Question

# OPEC is an intergovernmental organization of 13 nations. As of 2015, the 13 countries accounted for...

OPEC is an intergovernmental organization of 13 nations. As of 2015, the 13 countries accounted for an estimated 42 percent of global oil production and 73 percent of the world's "proven" oil reserves, giving OPEC a major influence on global oil prices that were previously determined by American-dominated multinational oil companies.

Understanding this type of dynamic in which a few countries (or firms) dominate the market being able to set the price, yet unable to raise significant barriers to entry to keep smaller competitors from entering the market entails delving into a price leadership model.

Start with the following assumptions: The World Market demand for oil is given by P=100-X in which X is the aggregate market quantity of crude oil barrels. This market is served by OPEC, a dominant block, and a set of infinitely many countries with smaller oil reserves which act as price takers. in this simple example, OPEC is comprised of two dominating countries, denoted DC1 and DC2 with smaller efficiencies: constant marginal costs such that: MCDC1 =MCDC2 =50. The fringe countries have an aggregate marginal cost that can be expressed by MCSC =50+X.

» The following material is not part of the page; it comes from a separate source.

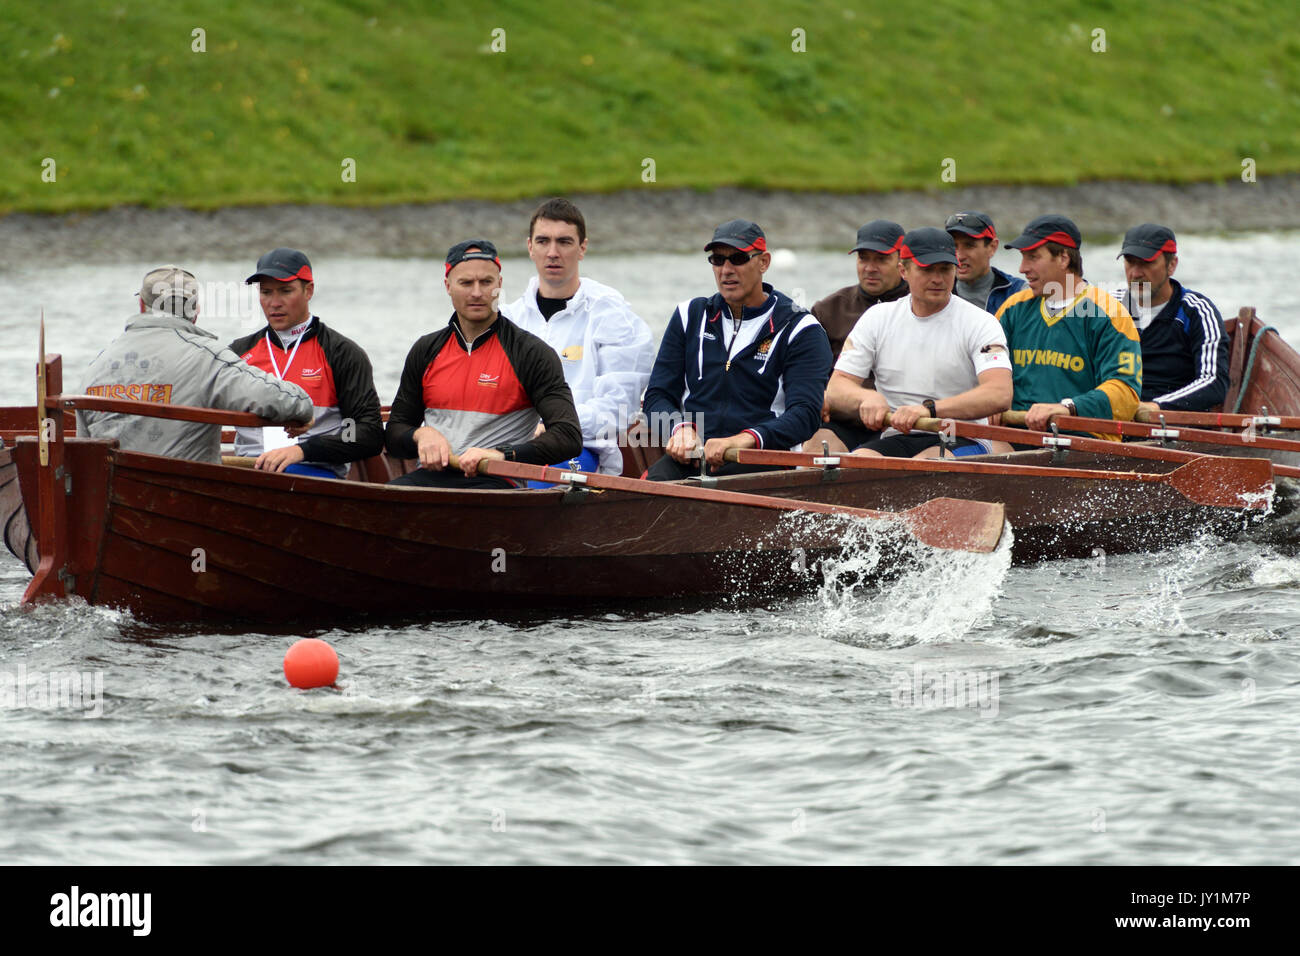 St. Petersburg, Russia - June 12, 2015: Competitions of Viking boats during the Golden Blades Regatta. This kind of competitions make the race accessi Stock Photo

A. How much will each country at OPEC produce?

B. What is the resulting price of the barrel in the oil market?

C. How much are the other countries aggregately producing?

D. What is the HHI in the oil market?

#### Homework Answers

Answer #1

Find residual demand for OPEC

RD = 100 - P - P + 50. This is found by subtracting fringe supply X = P - 50 from the market demand X = 100 - P

RD = 150 - 2P

Inverse demand function P = 75 - 0.5X

Marginal revenue = 75 - X

OPEC will produce where MR = MCD

75 - X = 50

X = 25 barrels

Price (set by OPEC and followed by two dominant countries of the block as well as by the fringe countries) = 75 - 0.5*25 = \$62.5

Fringe supply = X = P - 50 or X = 62.5 - 50 = 12.5 barrels

A. How much will each country at OPEC produce?

12.5 barrels each (two dominant countries)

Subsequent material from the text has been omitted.